This perspective is perfectly in line with the work of Otto Warburg, winner of the Nobel Prize in Medicine in 1931, who showed that cancer cells have a particular metabolism: they are heavily dependent on glucose and prefer anaerobic glycolysis — a primitive, inefficient mode of energy production that produces a lot of lactic acid — even in the presence of oxygen. Warburg had concluded that cancer was linked to a metabolic dysfunction of cells.
Gernez goes further by explaining why this dysfunction occurs and, above all, how the organism can correct it. He made a crucial observation: a mutant cell is not resistant. On the contrary, it is fragile, unstable, and vulnerable to the slightest change in its environment. An acidic environment easily destroys it.

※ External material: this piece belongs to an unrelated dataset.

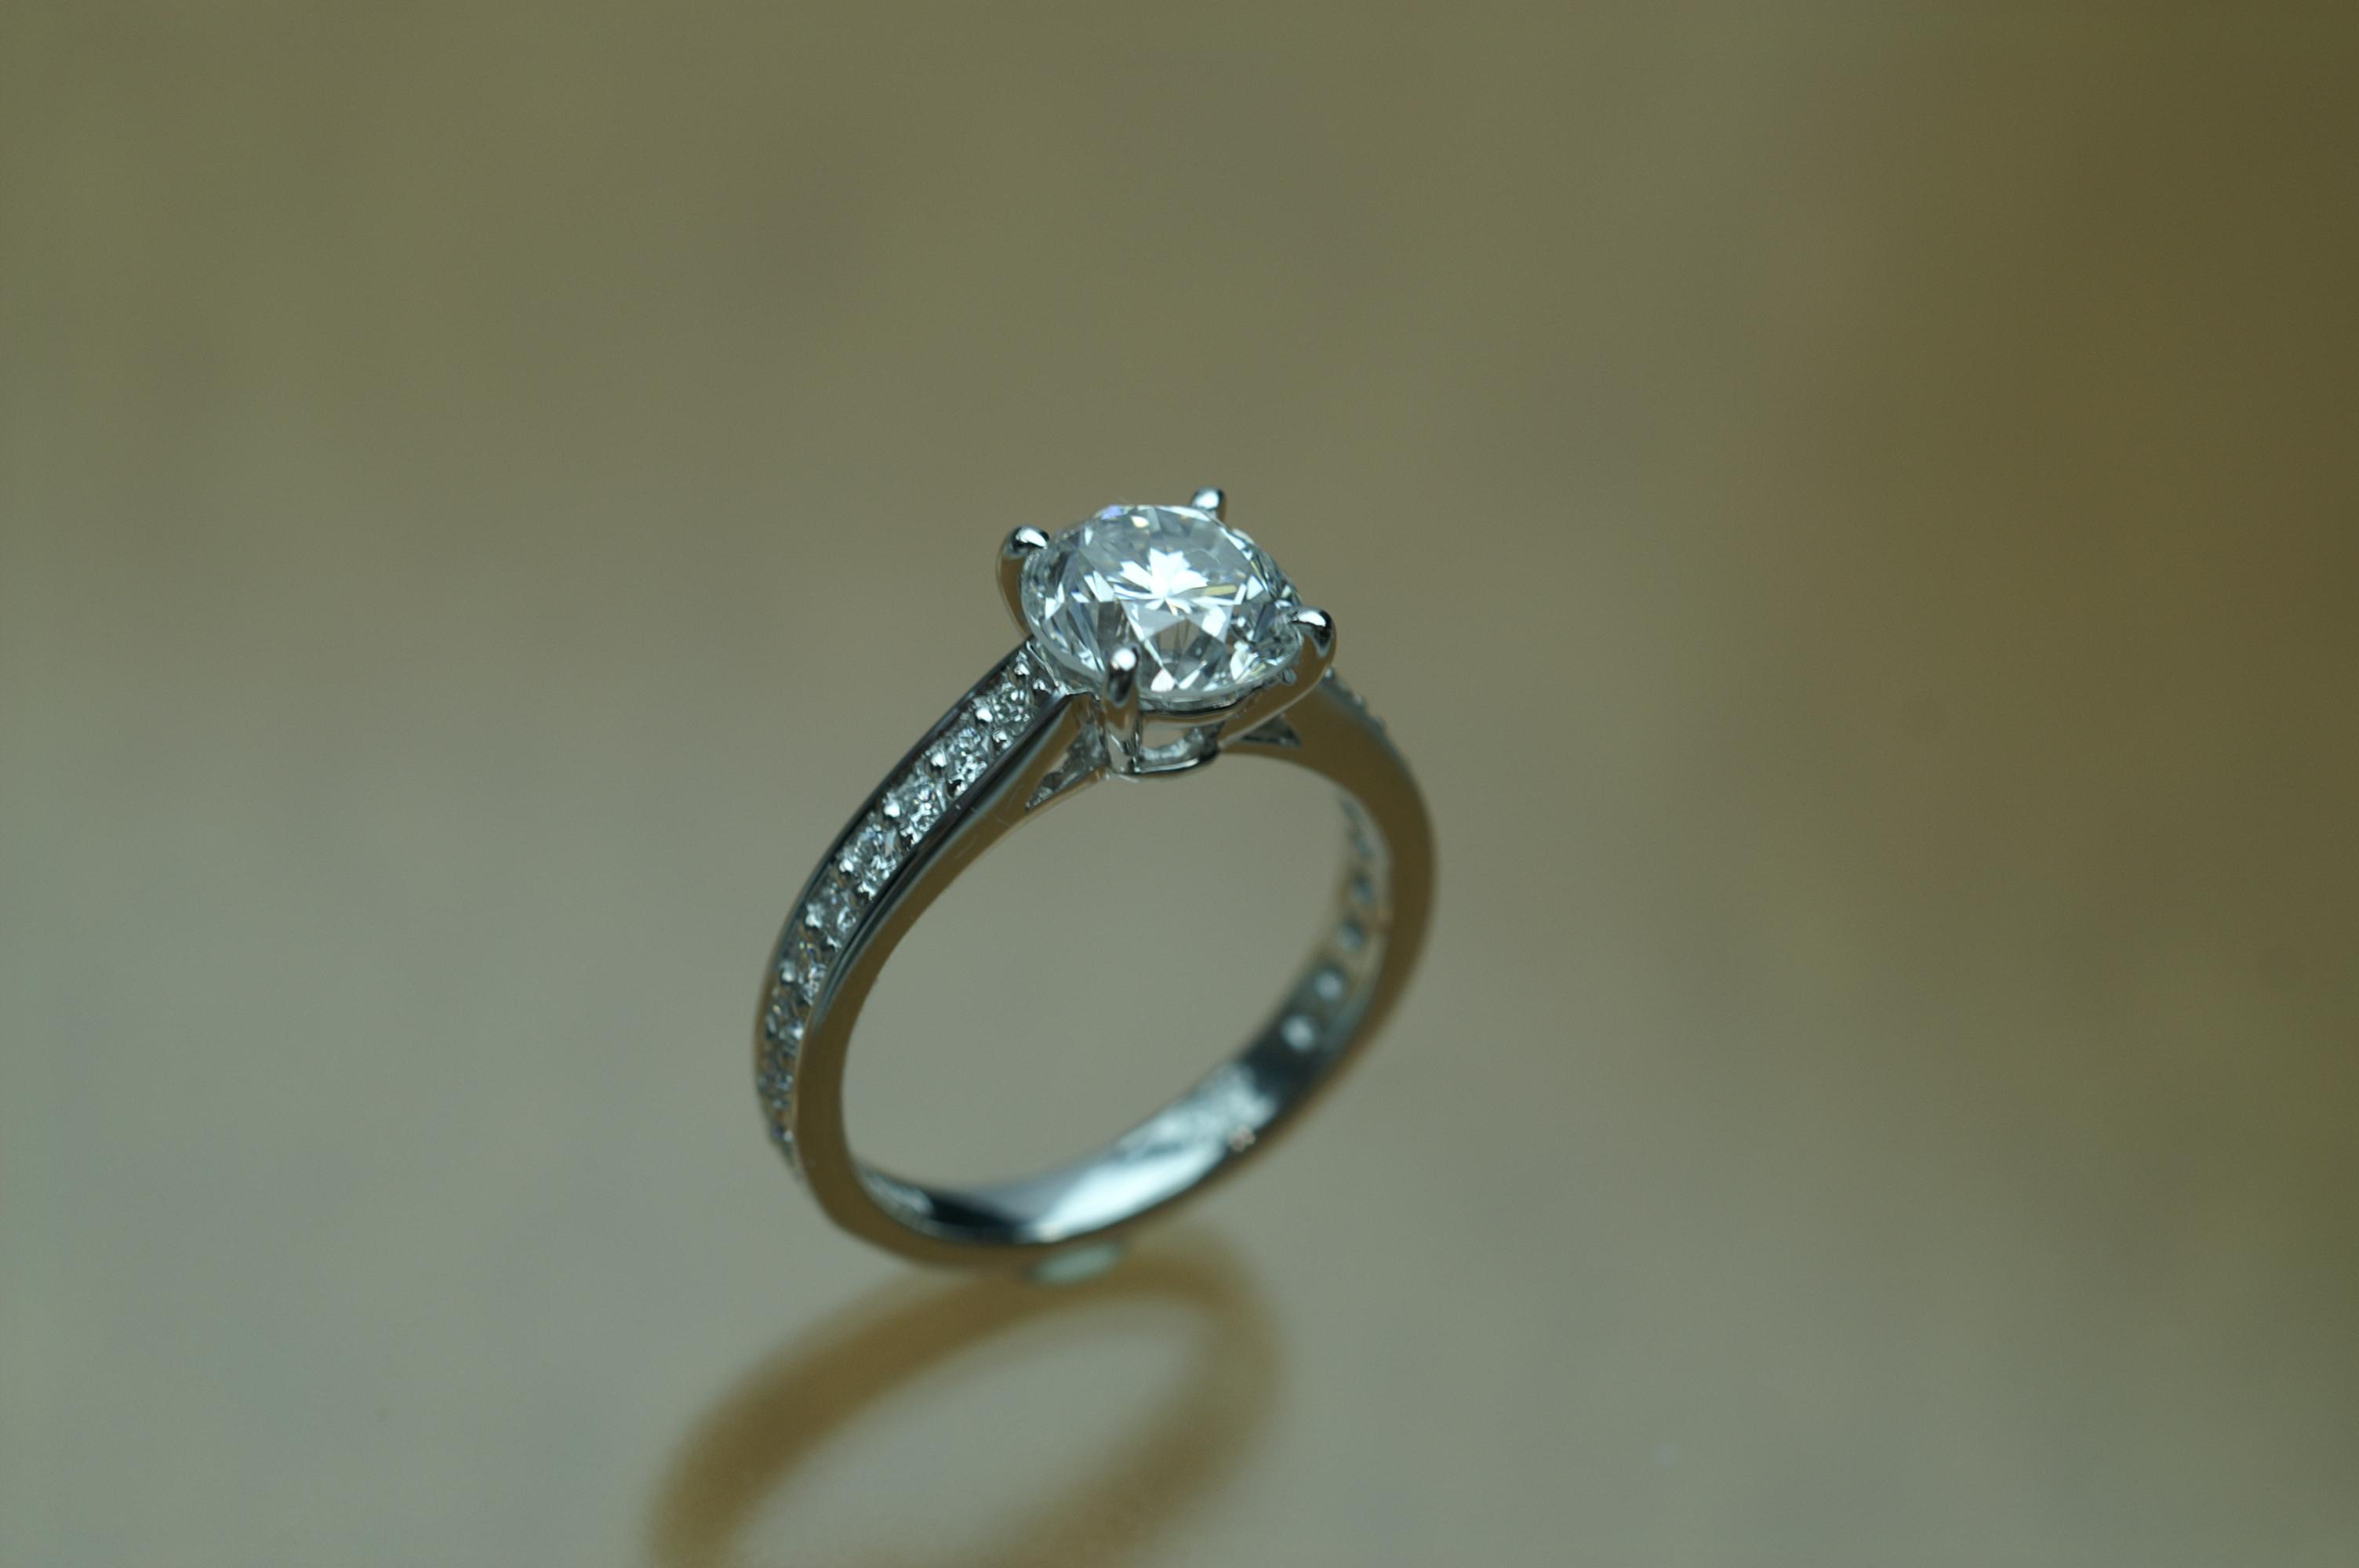 リフォーム後は  皮脂などが落ちてダイヤも綺麗になるので 素晴らしい輝き

This is where the genius of his understanding comes into play. If cancer cells are fragile and dependent on glucose, then all that is needed is to create the metabolic conditions that deprive them of their fuel and make their environment hostile. How? Through sequential fasting and strategic calorie restriction.
Fasting dramatically reduces the availability of blood glucose and forces the body to switch to an alternative metabolism: ketosis. In this state, the liver produces ketone bodies from fat reserves. The body’s healthy cells can function on these ketone bodies. But cancer cells, rigid and dependent on glucose, do not possess this metabolic flexibility. Without their fuel, they are literally suffocated metabolically.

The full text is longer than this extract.